Vacuolar protein-sorting-associated protein 25 is a protein that in humans is encoded by the VPS25 gene.

It is a component of the endosome-associated complex ESCRT-II (Endosomal Sorting Complexes Required for Transport protein II). ESCRT (ESCRT-I, -II, -III) complexes orchestrate efficient sorting of ubiquitinated transmembrane receptors to lysosomes via multivesicular bodies (MVBs). ESCRT-II recruits the transport machinery for protein sorting at MVB. In addition, the human ESCRT-II has been shown to form a complex with RNA polymerase II elongation factor ELL in order to exert transcriptional control activity. ESCRT-II transiently associates with the endosomal membrane and thereby initiates the formation of ESCRT-III, a membrane-associated protein complex that functions immediately downstream of ESCRT-II during sorting of MVB cargo.
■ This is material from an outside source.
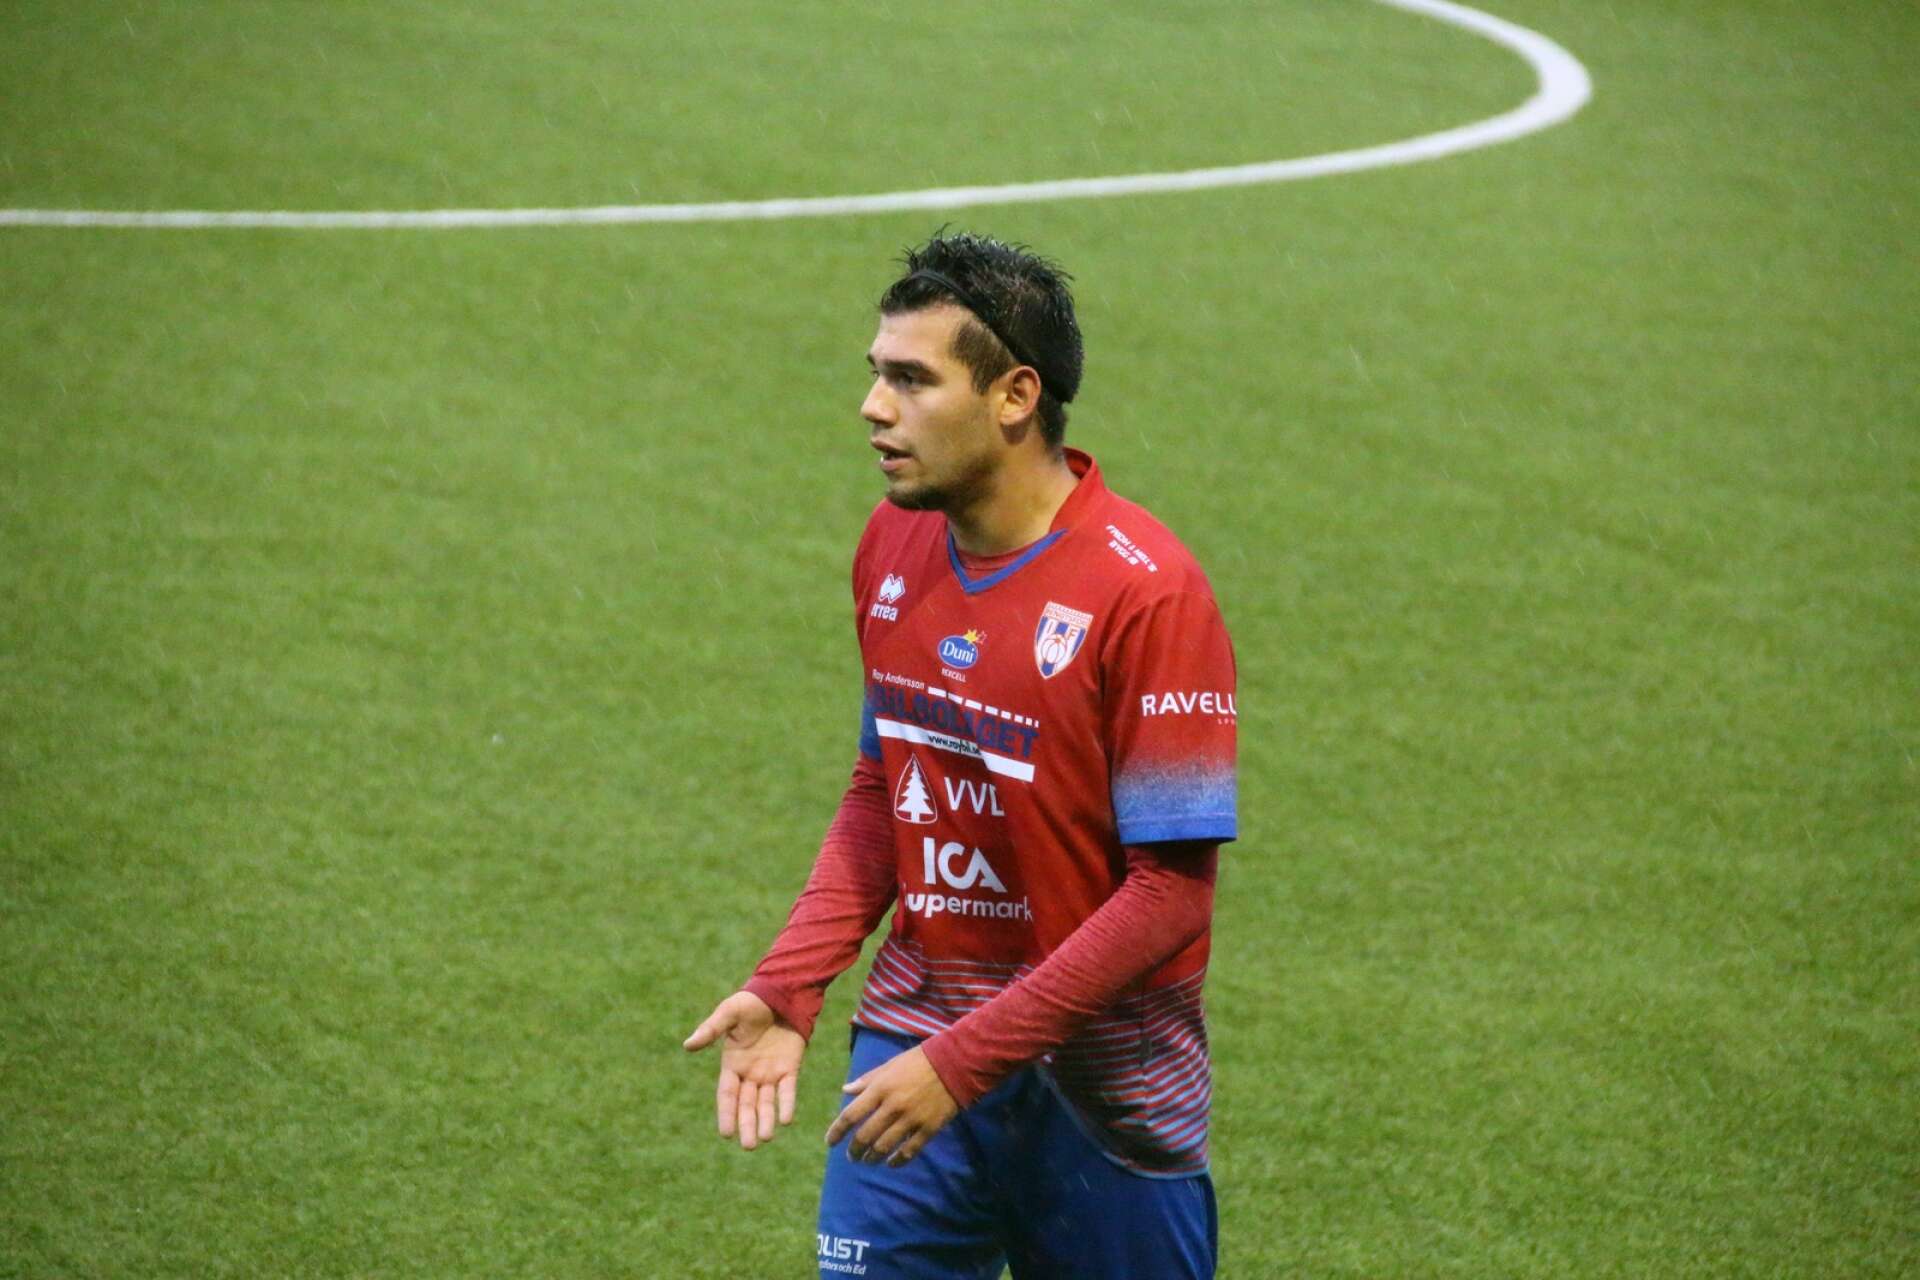 Dylan Diaz spelade i matchen och gjorde mål, trots att han inte stod med i startelvan.

ESCRT-II in turn functions downstream of ESCRT-I, a protein complex that binds to ubiquitinated endosomal cargo.

ESCRT-II is a trilobal complex composed of two copies of vps25, one copy of vps22 and the C-terminal region of vps36. The crystal structure of vps25 revealed two winged-helix domains, the N-terminal domain of vps25 interacting with vps22 and vps36.